2024年7月18日(木)

世界潮流を読む 岡崎研究所論評集

2014年8月8日

 第1に、中国の「9点線」の主張に対し、より強く反駁すべきである。米国はこの主張は基本的に間違っていると公然と述べた。ジョンストン国防相もシャングリラ対話で日米と共に中国を批判したが、中国を含む領土主張国が主張を棚上げし、共同資源開発をするように呼びかけたらよい。

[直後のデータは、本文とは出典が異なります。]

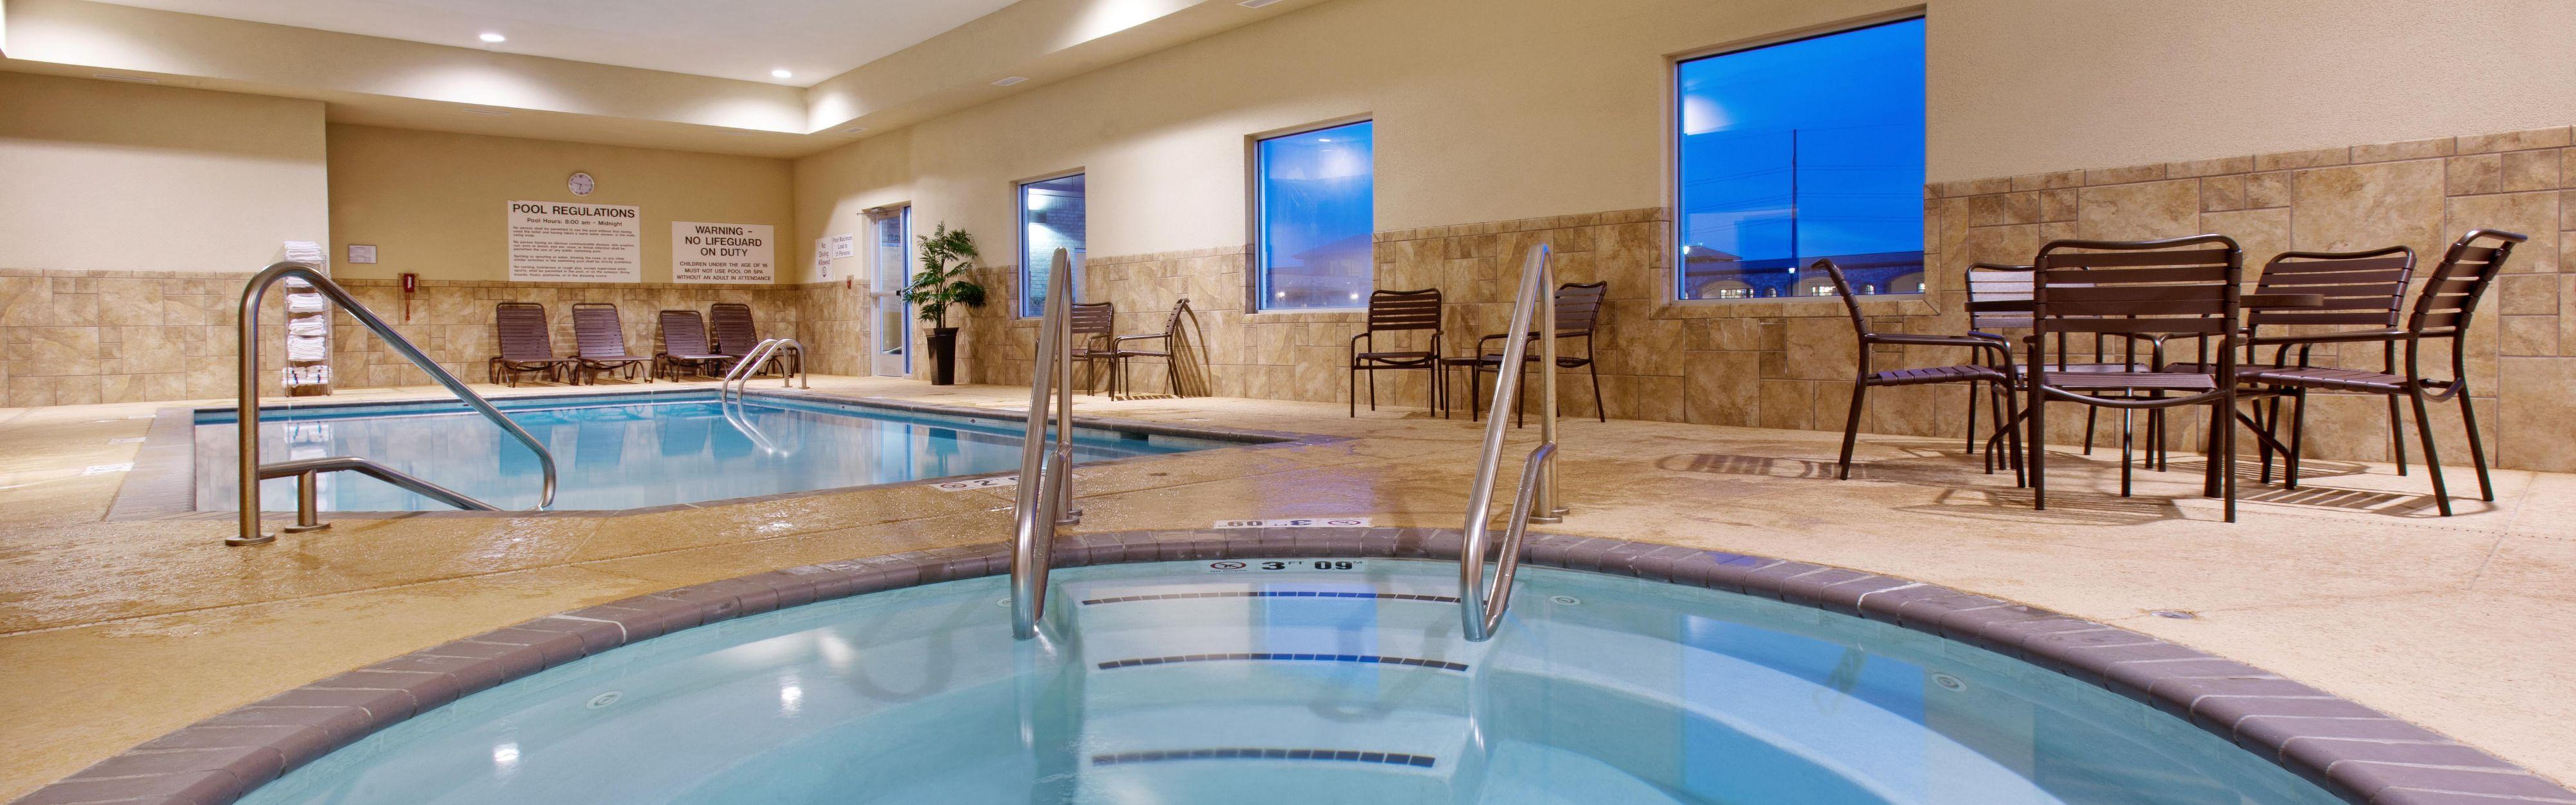 Holiday Inn Lincoln Southwest Lincoln Nebraska Ne

 第2に、豪政府は、静かに、東南アジア諸国が中国に対抗する能力を強化する方策を考えるべきである。高度な軍事装備よりも、海洋法の執行や監視能力の強化を支援するのが良い。中国の海洋での行動は、豪州のより積極的な態度を要求している、と述べています。

* * *

 豪州では、対中融和的な議論もある中で、こういう正論もあります。南シナ海での中国の行動を国際規範に反するとして、豪州自身の問題として捉えています。こういう意見が豪州内で強まることは日本としては歓迎できます。

 国際法違反の「9点線」に基づく主張には、強く反駁していけばよいわけです。

 ただ、紛争棚上げや資源の共同開発を解決策としているのは感心できません。紛争棚上げ合意を通じ、紛争の存在を認めさせる戦術を中国は狙っているからです。微妙な点であるので、豪州側によく説明しておく必要があります。

 東南アジアの海洋能力支援はよいことで、日豪とも進めたら良いでしょう。

 対中政策論議に際して、中国のような大国で対外経済関係も深い国は、冷戦時代のソ連のように封じ込めることなど出来ないと、よく言われます。しかし、これは冷戦時代の封じ込め政策について、誤解に基づく言説です。X論文を読むと判りますが、フォレスタル海軍長官やケナンが封じ込めということで念頭に置いていたのは、ソ連共産主義の「拡張主義」を許さない、拡張主義を抑えておけば、内部崩壊する可能性があるという趣旨でした。

 よりタカ派的な「巻き返し」と、よりハト派的なデタントの間に位置した政策でした。中国の拡張主義には、こういう封じ込めで対応するのは、当然のことでしょう。